In thinking of text and descriptions of art as translation, I am thinking with an idea shared on twitter yesterday:

Translation is a form of literature, a literary art. It does not (and *cannot*) replicate the original. It *creates* the poem in a different language. I treasure the sonic voluptuary in these five translations of Rimbaud by Christian Bok.

What is the difference between Turner’s painting and the museum’s textual narration of it? What is the distance?

In a similar vein, I tried to think about what Ruefle’s poem desires from the world, a question that inevitably touches on how one conceives existence? What does the poem risk in relation to that desire?

“If you were lonely / and you saw the earth / you’d think here is / the end of loneliness…”

The final monster—

The language-freak in me reads gallery/museum descriptions as textual relics that reflect the interests and concerns of their time. While the painting remains the same, the words used by humans to describe the painting flutter, bustle, shift.
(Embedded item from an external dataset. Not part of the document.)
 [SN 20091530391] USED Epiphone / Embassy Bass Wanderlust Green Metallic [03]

The temptation to take these descriptions as definitive is common to museum-goers.

But a poem that gestures towards metaphysical incompleteness cannot be pinned to a definitive reading. And an unfinished painting exists —-always—in relation to its unfinishedness.

Tate’s 1907 catalogue lists the title as Sunrise, with a Sea Monster. In 1907, there was one “sea monster with a head like a magnified red gurnet” and this sea monster was “floating on the misty waters” which reflected “a yellow sunrise.” In the “distance",” there were “forms suggesting huge icebergs.”
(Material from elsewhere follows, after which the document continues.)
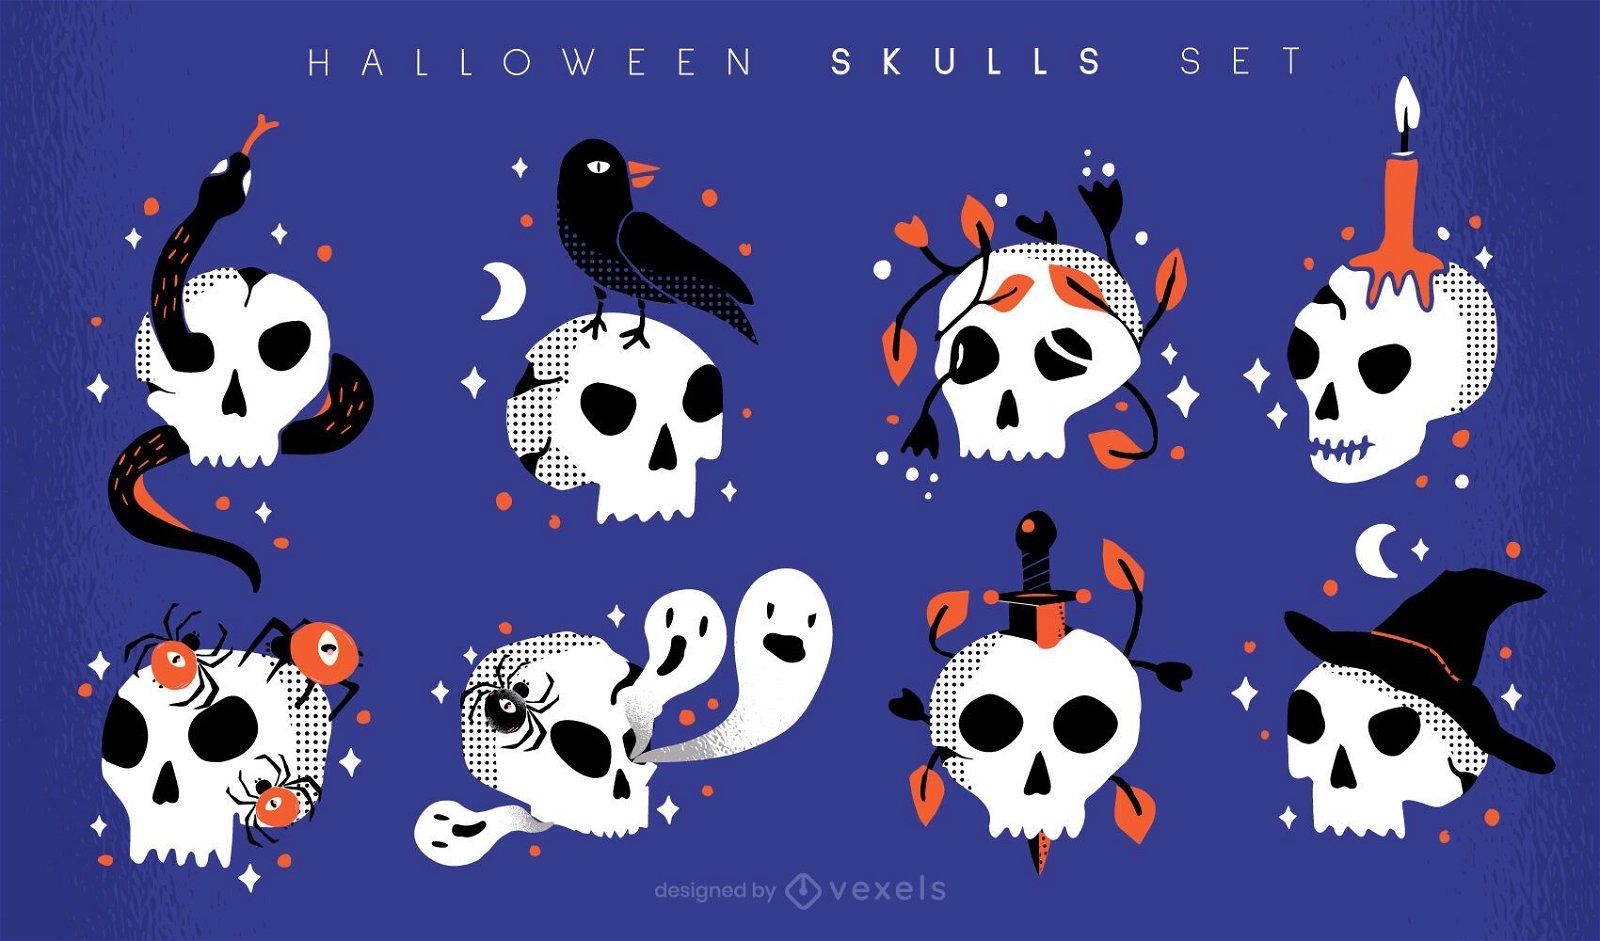 Halloween skulls illustration set

Drawing on Turner’s sketchbook, the Sea Monster of 1907 is related less to maritime trade than to the particular whaling expeditions Turner sketched. It is “as thought Turner was occupied at the time with the wonders of the deep waters related by Arctic voyagers.” The Sea Monster of 1907 resembles a “similar drawing” that hangs with his “exhibited watercolors.”

So much has changed in the interim. So much like god at the end.